Childhoods in Brasília: listening to the children's voices in a church’s playground
Childhoods. Right to participation. Brasília. Playground. Church
This academic work is part of studies on childhood and aims to understand the voices of children in their experiences in the playground of a religious community located in Brasília, Brazil. The theoretical contribution is based on the field of studies of childhood(s), in a transdisciplinary perspective with the sociology of childhood, geography of childhood, anthropology of childhood(s), pedagogy of everyday life and comparative studies in education. The search for understanding children’s voices is anchored in the necessary articulation between the contents produced by them, which have singular and universal meanings.

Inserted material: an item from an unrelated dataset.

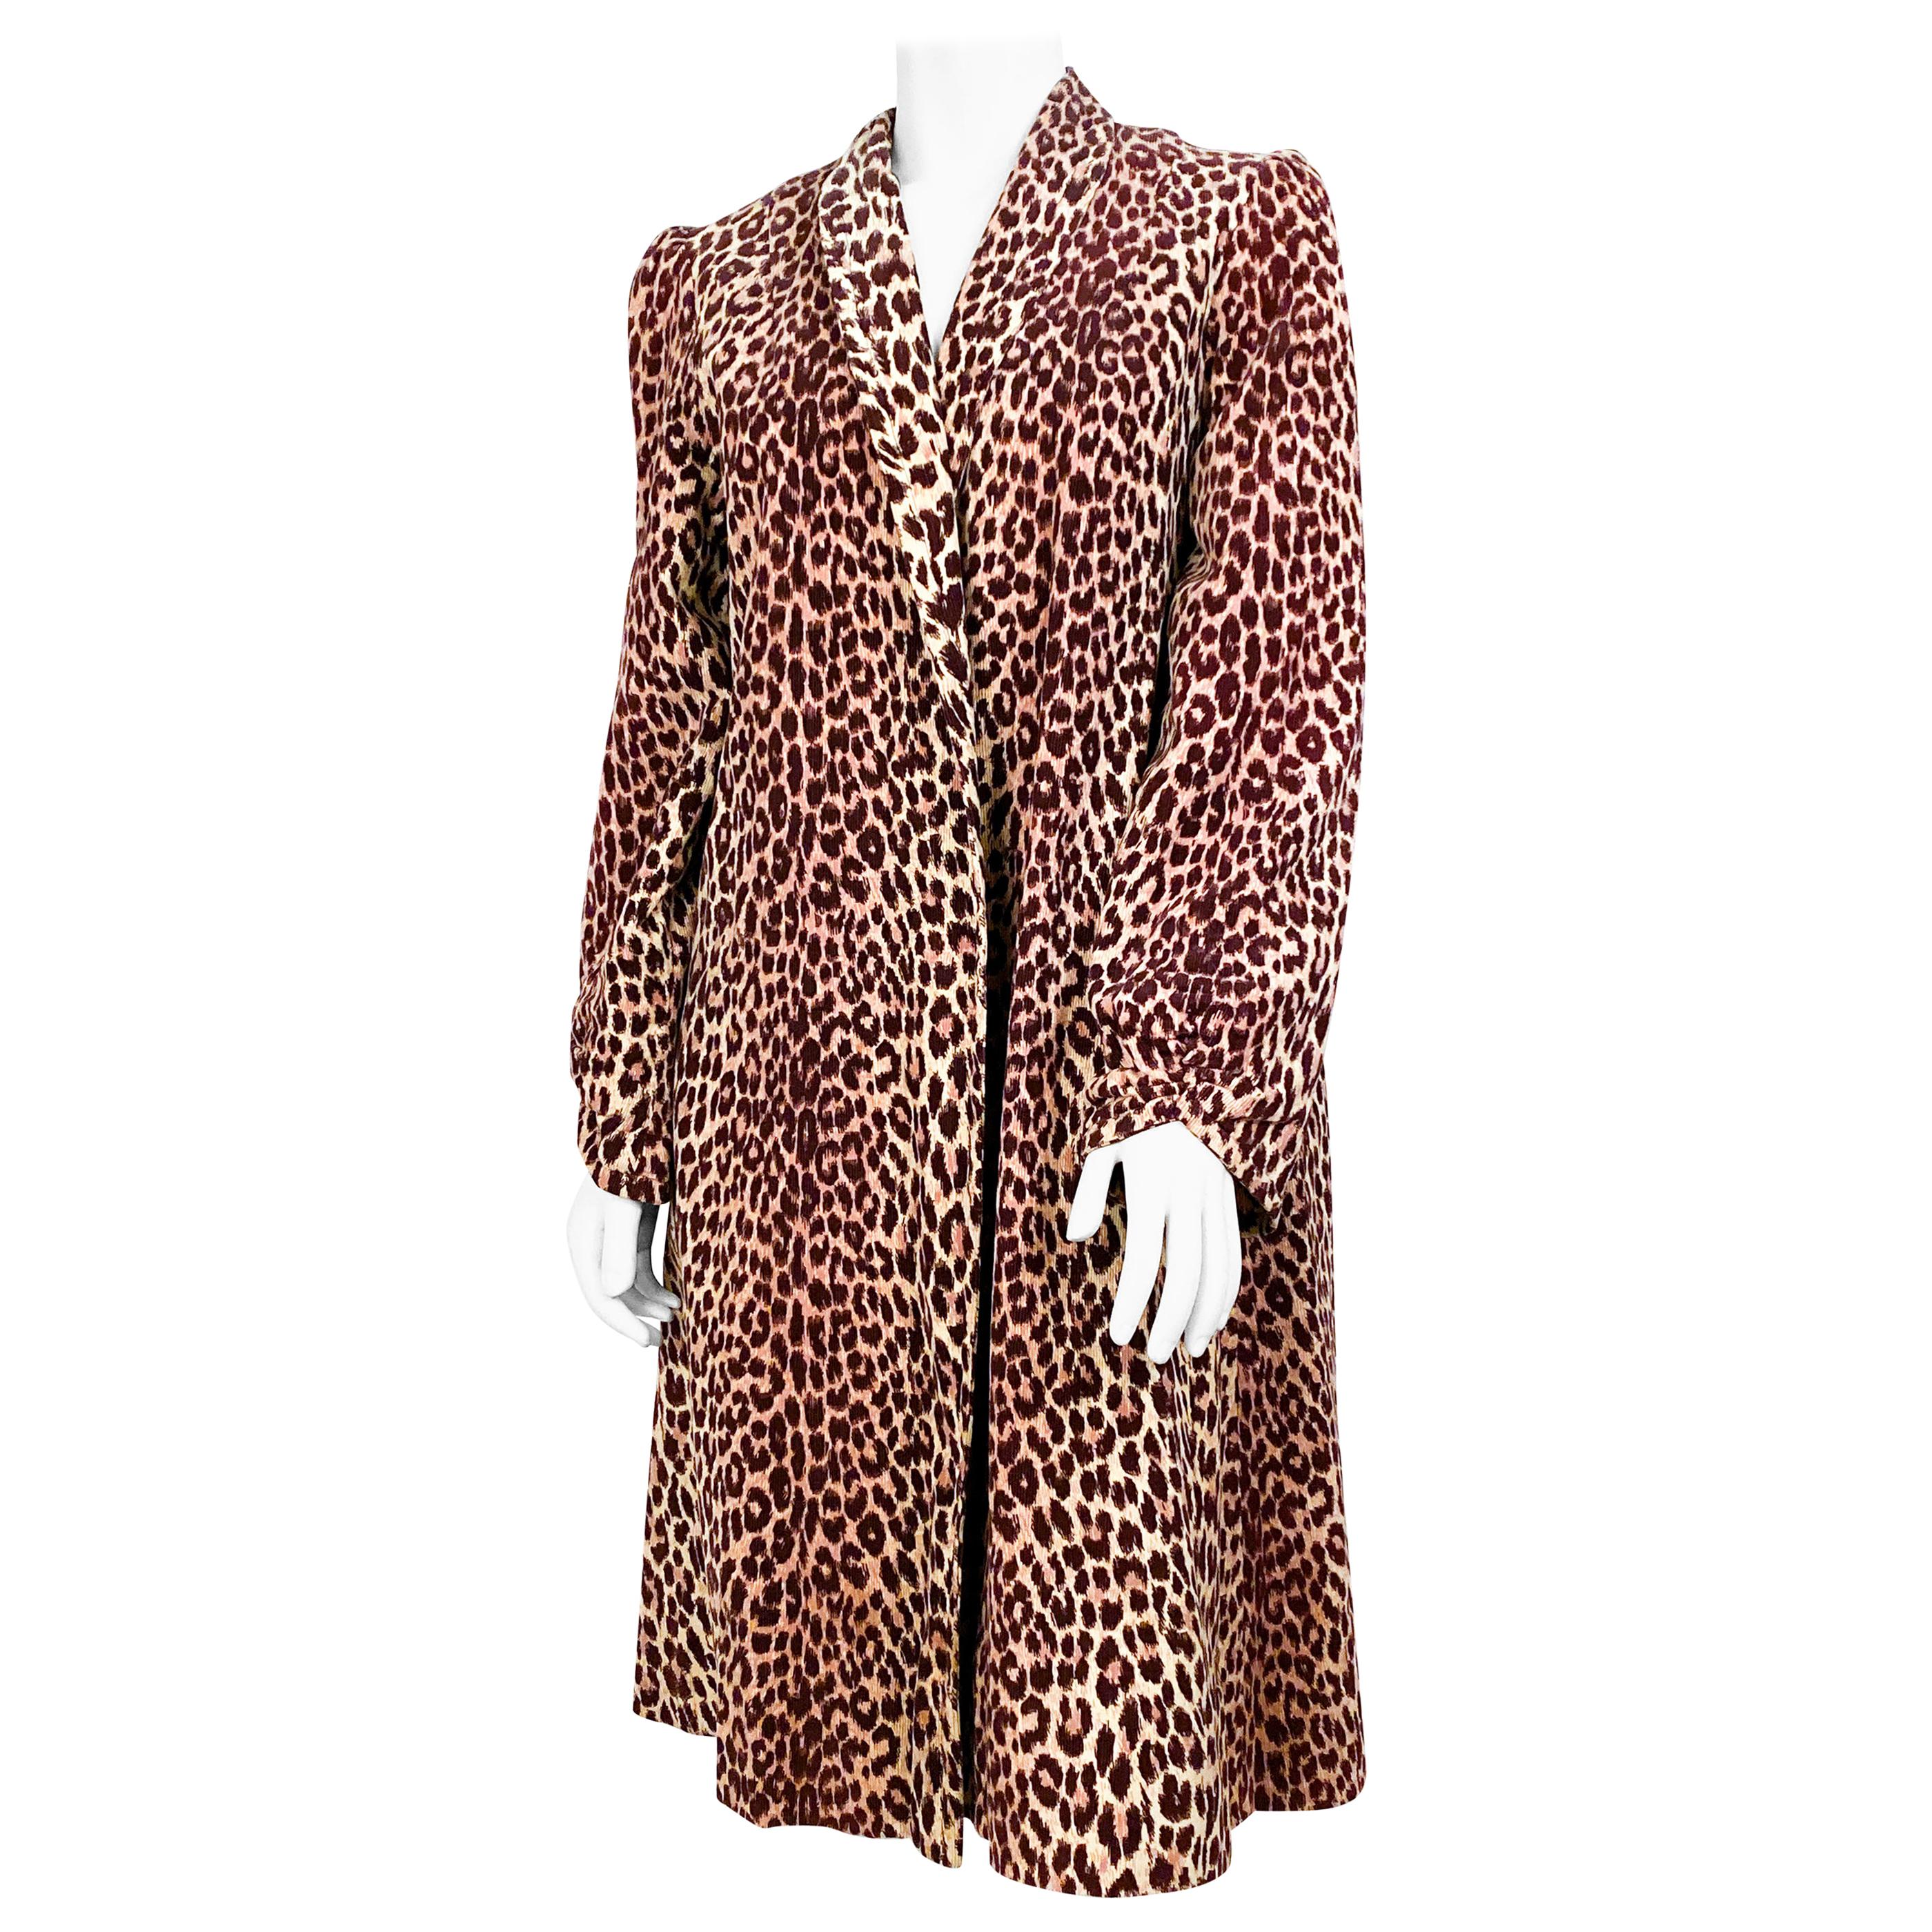 1940s Cheetah Printed Coat

It is noteworthy that the record of what children say in academic research is linked to rights inscribed in the United Nations Convention on the Rights of Children, of 1989. Academic research is guided by a qualitative approach through participatory research, articulating with the theoretical and methodological contributions of ethnographic studies of childhood. Due to the complexity of the research object, its understanding requires a diversified repertoire of methodological procedures capable of substantiating the hearing of children’s voices in the context of the playground. The first immersions in the field point to the playground as a place that allows the full development of children, through discoveries and the elaboration of peer culture. Children build narratives, operate with laws of physics and create explanations for phenomena as they play. However, the subordination of this generational group to adults limits their going to the playground, as it is the adults who decide and control the spaces and times of childhood(s).